Technically speaking ...
If we are really fussy, we would argue that the __init__ method's docstring is inaccurate. Indeed, __init__ doesn't create the object (i.e. set aside memory for it; it's the constructor that does that), --- it just initialises the object to its factory-default settings after its creation.
But programming tools like for example PyScripter understand that instantiation --- creation and initialisation --- happen together, and they choose to display the initialiser's docstring as the tooltip to guide the programmer that calls the class constructor.
So we're writing the docstring so that it makes the most sense when it pops up to help the programmer who is using our Point class:
The key advantage of using a class like Point rather than a simple tuple (6, 7) now becomes apparent. We can add methods to the Point class that are sensible operations for points, but which may not be appropriate for other tuples like (25, 12) which might represent, say, a day and a month, e.g. Christmas day. So being able to calculate the distance from the origin is sensible for points, but not for (day, month) data. For (day, month) data, we'd like different operations, perhaps to find what day of the week it will fall on in 2050.
Creating a class like Point brings an exceptional amount of "organisational power" to our programs, and to our thinking. We can group together the sensible operations, and the kinds of data they apply to, and each instance of the class can have its own individual state.
A method behaves like a function except that it is invoked on a specific instance, e.g. t.right(90) which turns a Turtle object t 90 degrees to the right. Like data attributes, methods are accessed using the dot notation.
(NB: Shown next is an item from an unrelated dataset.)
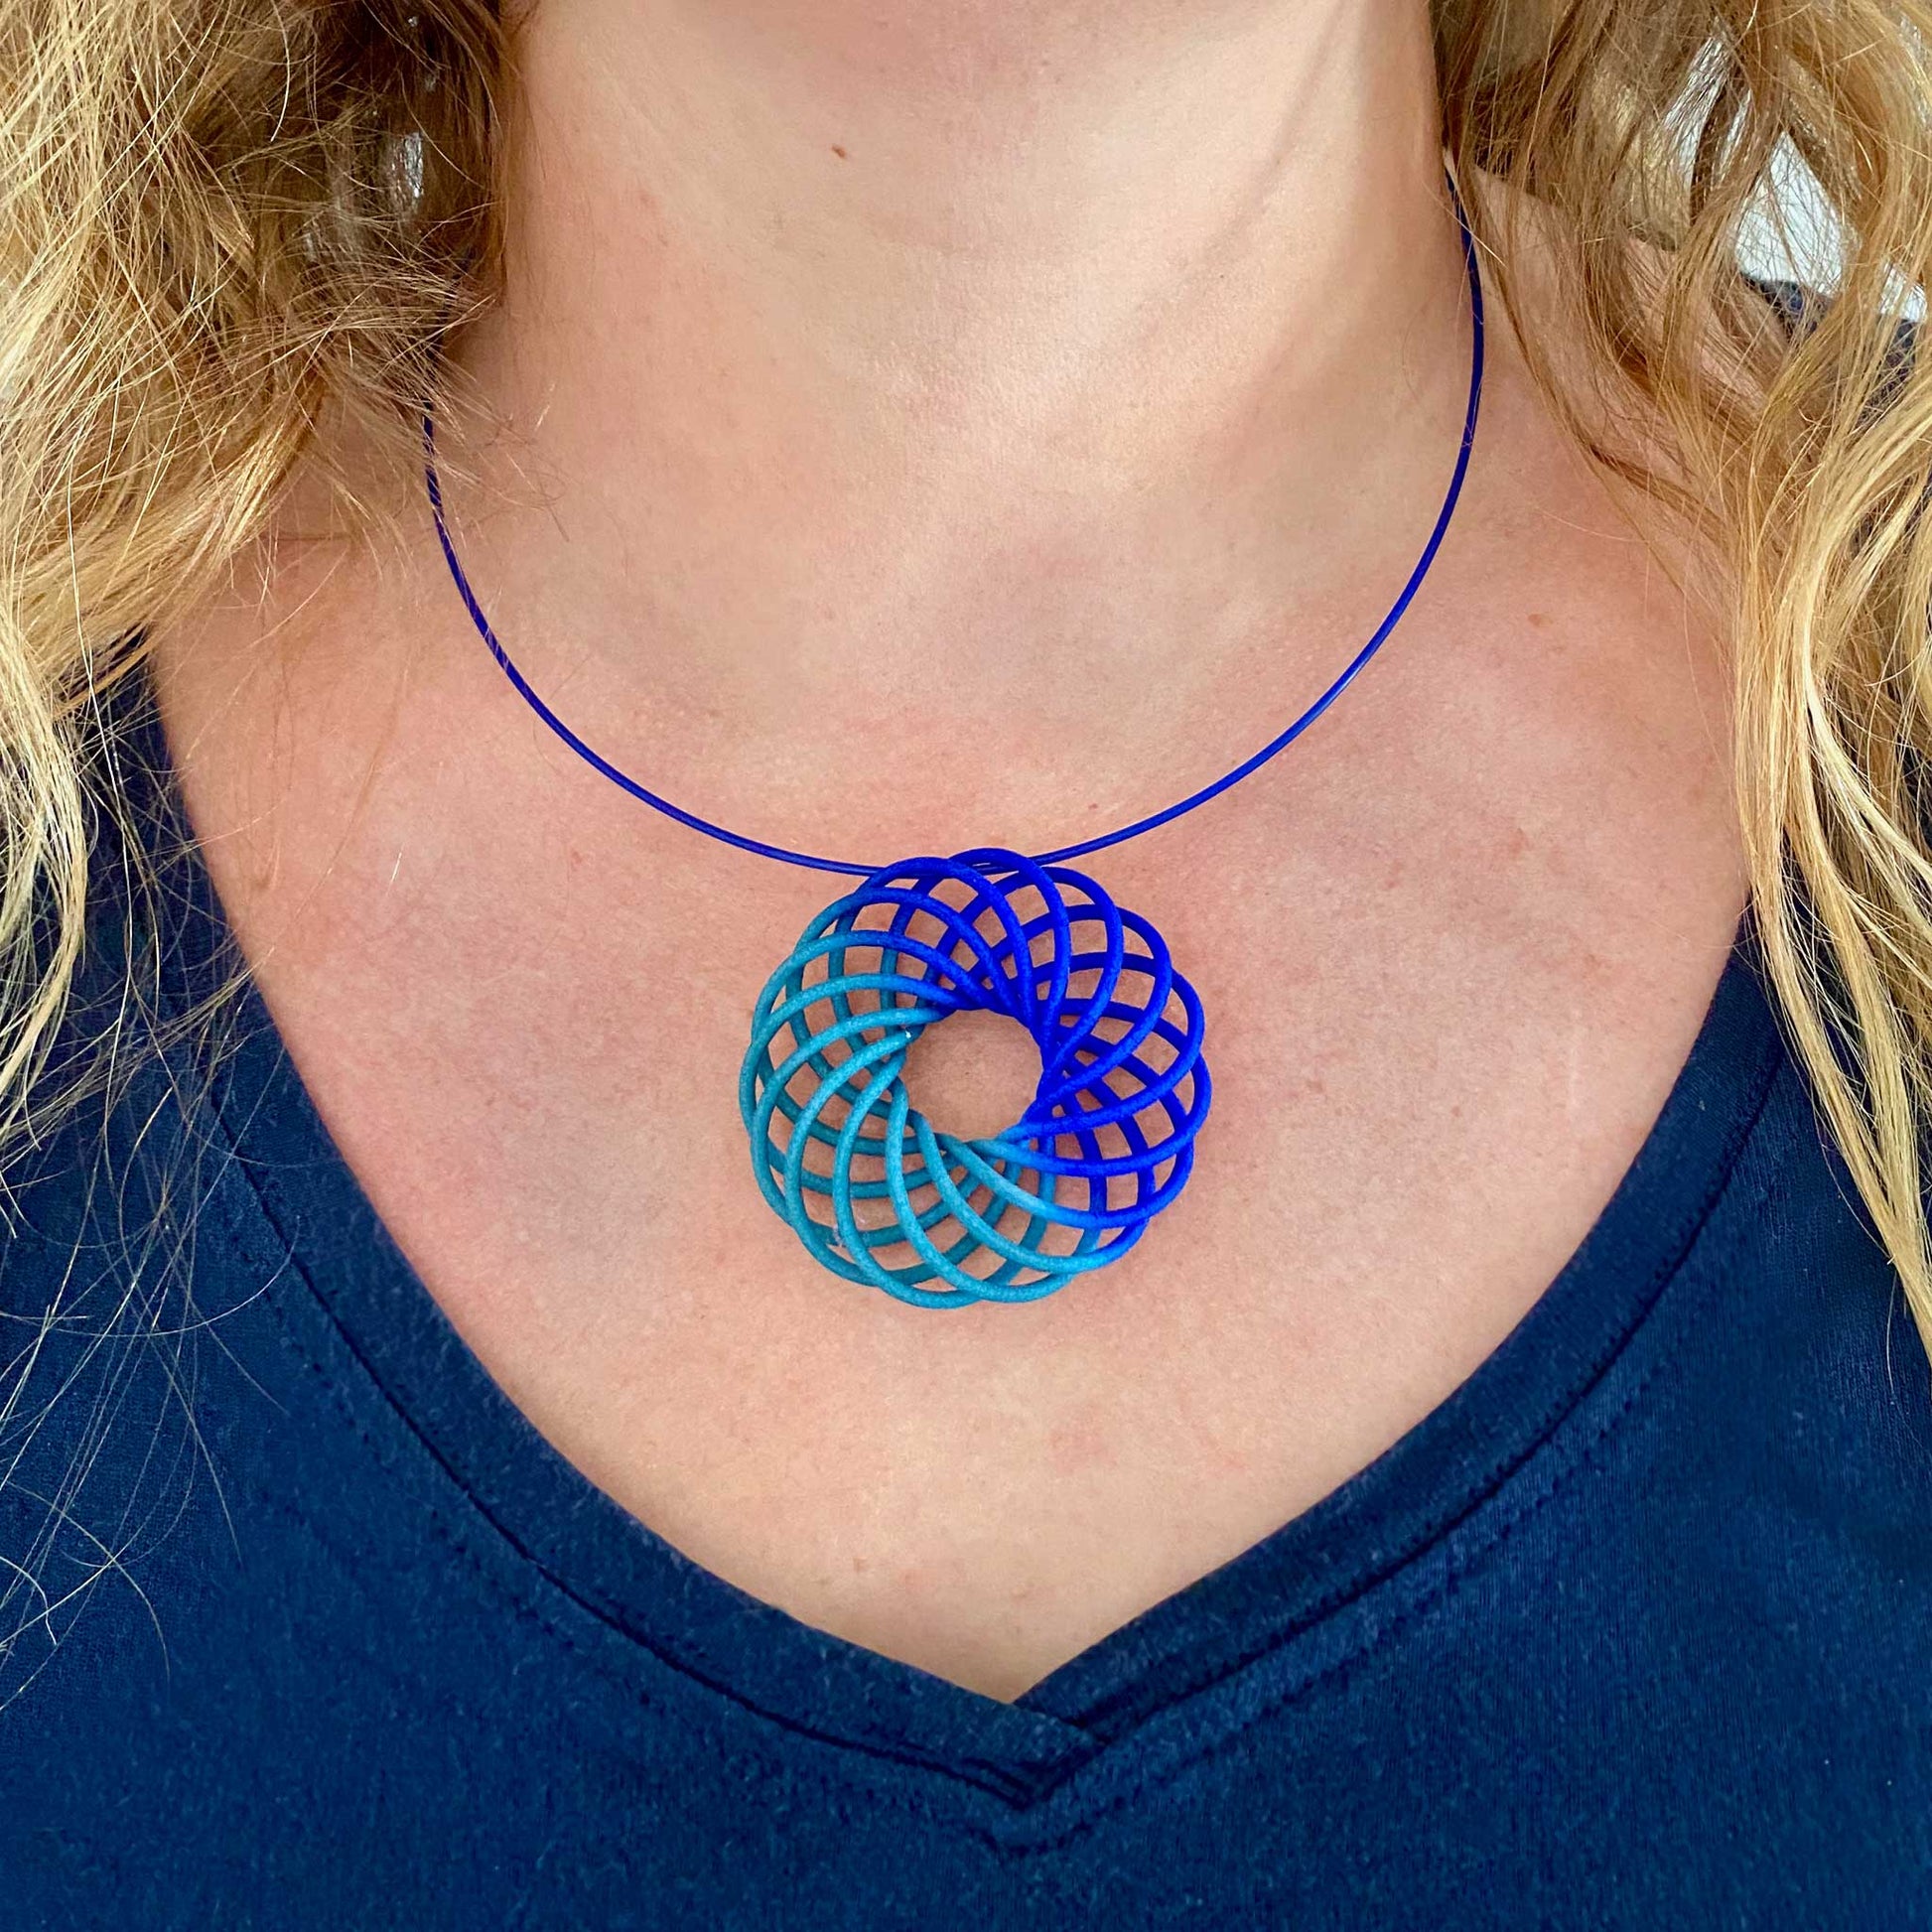 Katy wearing the Vortex 3D printed nylon pendant in blue to teal fade colour way by Katy Luxton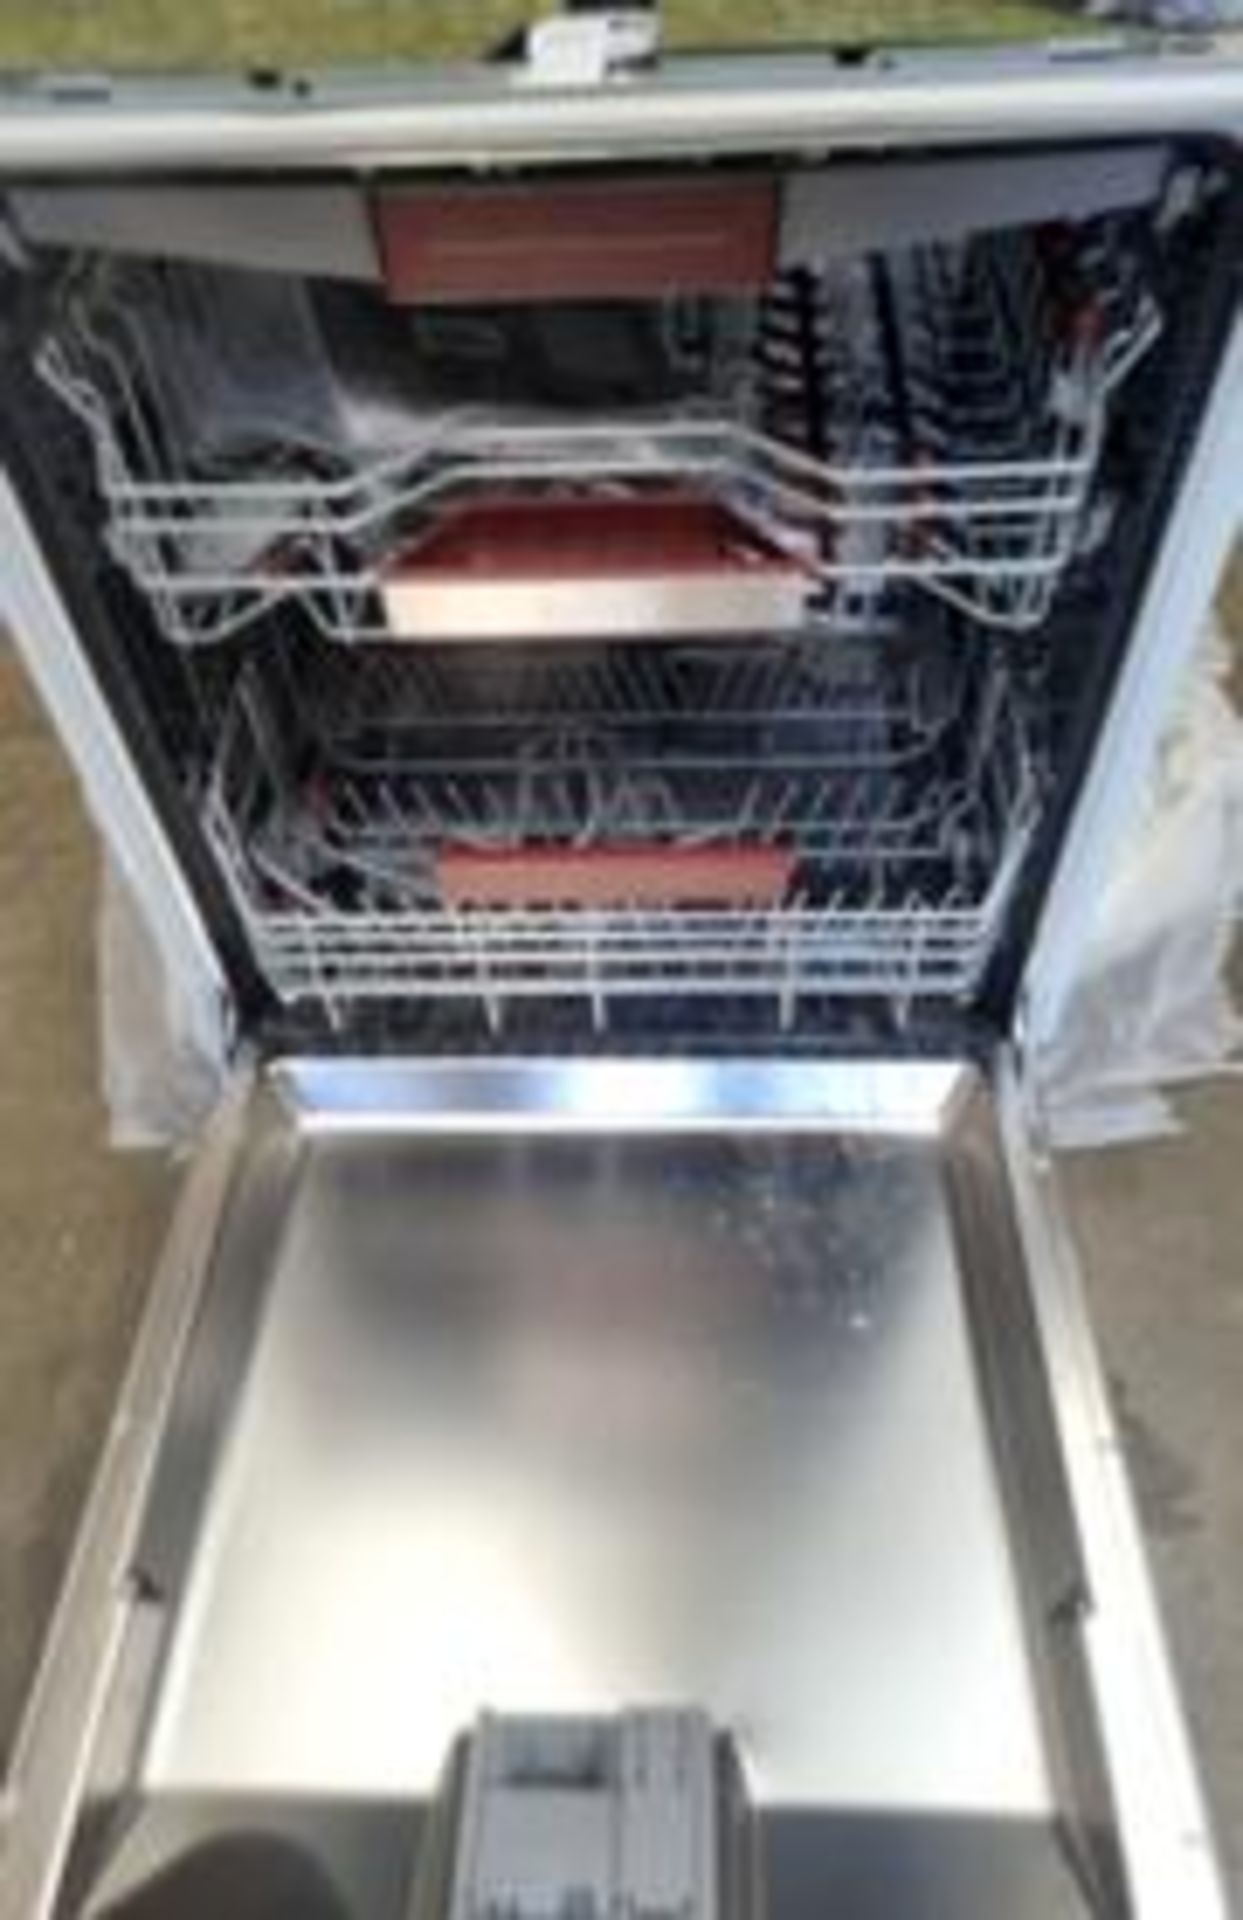 Grade B Neff N50 S155HCX27G Fully Integrated Dishwasher - RRP: £629 - Image 3 of 4

instance methods versus class methods
Technically speaking, there exist two kinds of methods in Python: instance methods, which can be invoked on specific instances (i.e., objects), and class methods, which can be invoked on a class itself without having to create an instance of that class first. Since most of the methods you will encounter will be instance methods, for now, when we use the term method, we mean instance method. We will not explain the notion of class methods yet, in order not to confuse you more than necessary.
Let's add another method, distance_from_origin, to our class Point to see better how methods work:
class Point: """ The Point class represents and manipulates x,y coordinates. """ def __init__(self, x=0, y=0): """ Create a new point at coordinates x, y. @pre: x and y are numbers (if not supplied, the number 0 will be used) @post: the attributes x and y of this point instance have been initialised to the values x and y passed as arguments """ self.x = x self.y = y def distance_from_origin(self): """ Compute my distance from the origin @pre: - @post: returns the Euclidian distance of this point to the origin (0,0) """ return pow((self.x ** 2) + (self.y ** 2),1/2)
When defining a method, it must always have a first parameter that refers to the instance being manipulated, i.e. the object itself. For that reason it is customary to name this parameter self.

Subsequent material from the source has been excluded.